Archive for April, 2019

Eastern District of Pennsylvania Court Joins the Ninth and Tenth Circuits in Applying the Rational Basis Test to Governmental Dismissals of Qui Tam Cases

Wednesday, April 10th, 2019

On April 3, 2019, in U.S. v. EMD Serono, Inc., CV 16-5594, 2019 WL 1468934 (E.D. Pa. Apr. 3, 2019), District Judge Timothy J. Savage of the Eastern District of Pennsylvania addressed a matter of first impression within the Third Circuit: what standard (if any) governs the government’s ability to dismiss a qui tam case over the objection of relators. 

The underlying case involved allegations that Pfizer and related healthcare companies had engaged in so-called “white coat marketing” and provide free educational and support services to boost prescriptions for a multiple sclerosis drug from physicians who availed themselves of such services. Id. Relators claimed that this amounted to illegal remuneration in violation of the Anti-Kickback Statute. Id. The government spent over 18 months investigating the case but declined to intervene finding that the alleged remuneration provided to physicians was not illegal remuneration under the AKS but legitimate (and legal) educational services. Id. Not only that, the government moved to dismiss the case, pursuant to 31 U.S.C. § 3730(c)(2)(A), on the basis that monitoring the non-intervened case would be, in effect, a waste of government resources. Id. Relators opposed the government, claiming that the case had merit and the potential to yield a sizeable recovery. Id. at *4.

The Government’s View

The government claimed that its discretion to seek dismissal of a qui tam action is unfettered, which the District of Columbia Circuit had found to be the case in Swift v. U.S., 318 F.3d 250, 252 (D.C. Cir. 2003).

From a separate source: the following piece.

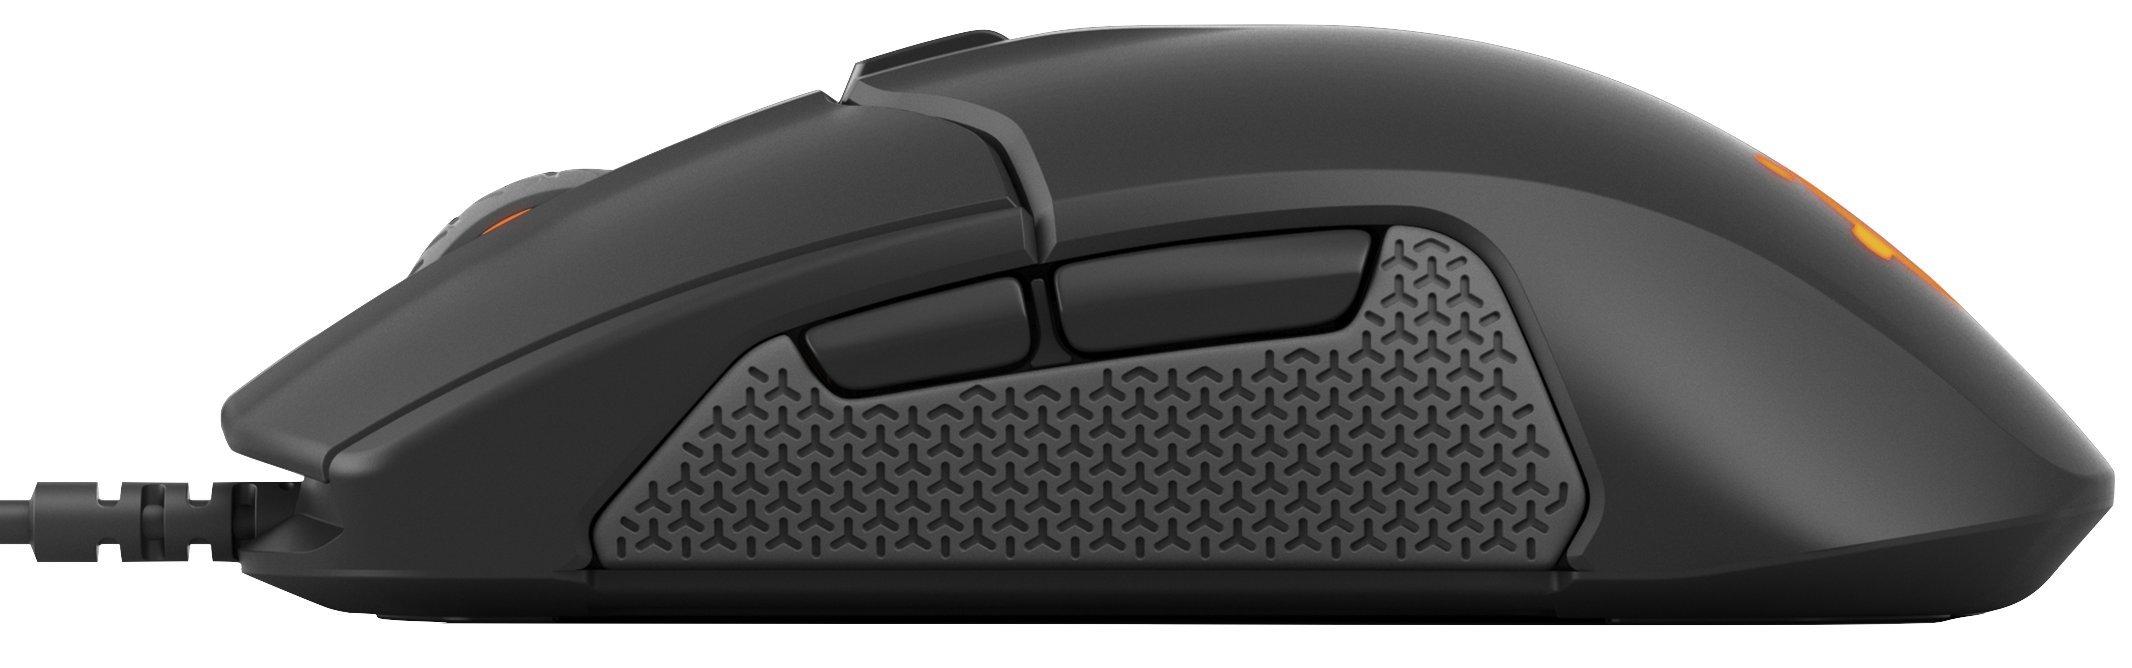 SteelSeries Sensei 310 Gaming Mouse - 12,000 CPI TrueMove3 Optical Sensor - Ambidextrous Design - Split-Trigger Buttons - RGB Lighting by SteelSeries (Image #5)
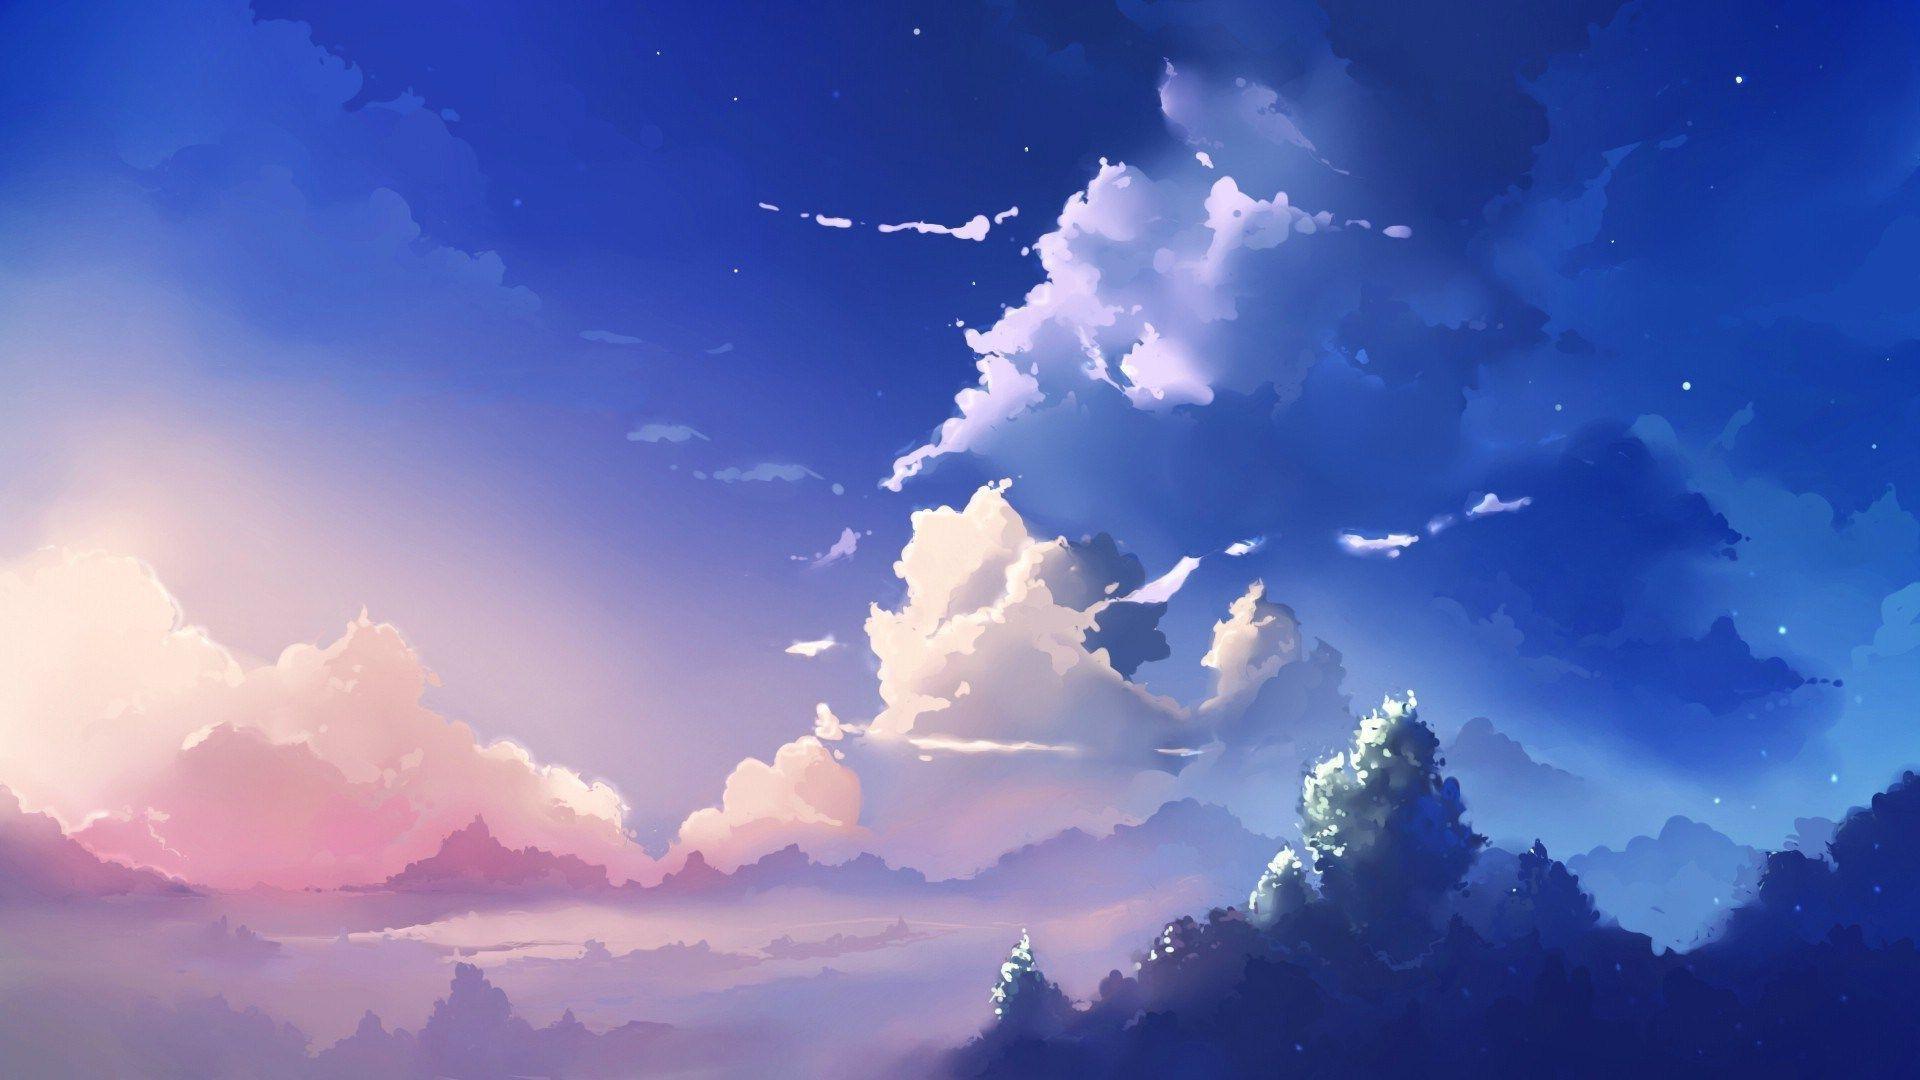 𝐚𝐢𝐫𝐝𝐫𝐨𝐩 𝐜𝐡𝐨𝐢 𝐬𝐚𝐧 F I V E Anime Scenery Wallpaper Anime Scenery Anime Background

However, Judge Savage recognize that a circuit split existed with the Ninth and Tenth Circuits holding that the government must show that a rational relationship exists between the decision to seek dismissal and a legitimate government interest. U.S. ex rel., Sequoia Orange Co. v. Baird-Neece Packing Corp., 151 F.3d 1139(9th Cir. 1998); Ridenour v. Kaiser-Hill Co., L.L.C., 397 F.3d 925 (10th Cir. 2005). If the government meets that burden then the relator must show “that [the] dismissal is fraudulent, arbitrary and capricious, or illegal.”  Sequoia, at 1145.

The Court’s View

Judge Savage sided with the Ninth and Tenth Circuits recognizing, inter alia, that the False Claims Act provides for a hearing when the government seeks dismissal over a relator’s objection and that, if the government’s discretion were unfettered, then the hearing would be a “nullity.” Id., at *3. If a hearing is to take place with the judge playing a role, then there must be some standard for the judge to apply. Judge Savage found that the rational basis standard was apt and “strikes a balance among the branches of government. It does not give unlimited power to the Executive to dismiss a legitimate action the Legislature created. Nor does it give the Judicial Branch unrestrained power to stop the Executive from acting to dismiss an action in the government’s interest.” Id. at *4. In essence, the rational basis test “acts as a check against the Executive from absolving a fraudster on a whim or for some illegitimate reason. It prevents the Executive from abusing power.” Id.

The Court then moved to the facts at hand. The Court found that the government’s interest in not expending resources on a case that it found lacked merit was rationally related to the government’s interest in conserving litigation resources and effectuating policy goals (i.e., supporting bona fide pharmaceutical education programs). Id. The Relators, on the other hand, failed to meet their burden. Relators argued that the case had merit, the potential for a significant recovery, the government had not performed a sufficient investigation, and that the government was (they claimed) irrationally opposed to one of the relators (an investment-backed LLC, as opposed to an individual whistleblower). Id.at *4-5. Judge Savage found the Relators’ arguments unavailing, noting that the government had diligently investigated the matter, showed no animus toward the LLC Relator, and that the dispute essentially came down to one of conflicting judgments between the Relators and the government over the merits of the underling case. Id. at *5.

Conclusion

While EMD Serono provides relators facing a governmental dismissal motion with some judicial recourse and a check against abuses of executive power, the rational basis standard is an easy one to meet. Absent some truly arbitrary action or one that is otherwise likely to shock the court’s conscience, relators will continue to face an uphill battle in contesting dismissal motions under § 3730(c)(2)(A).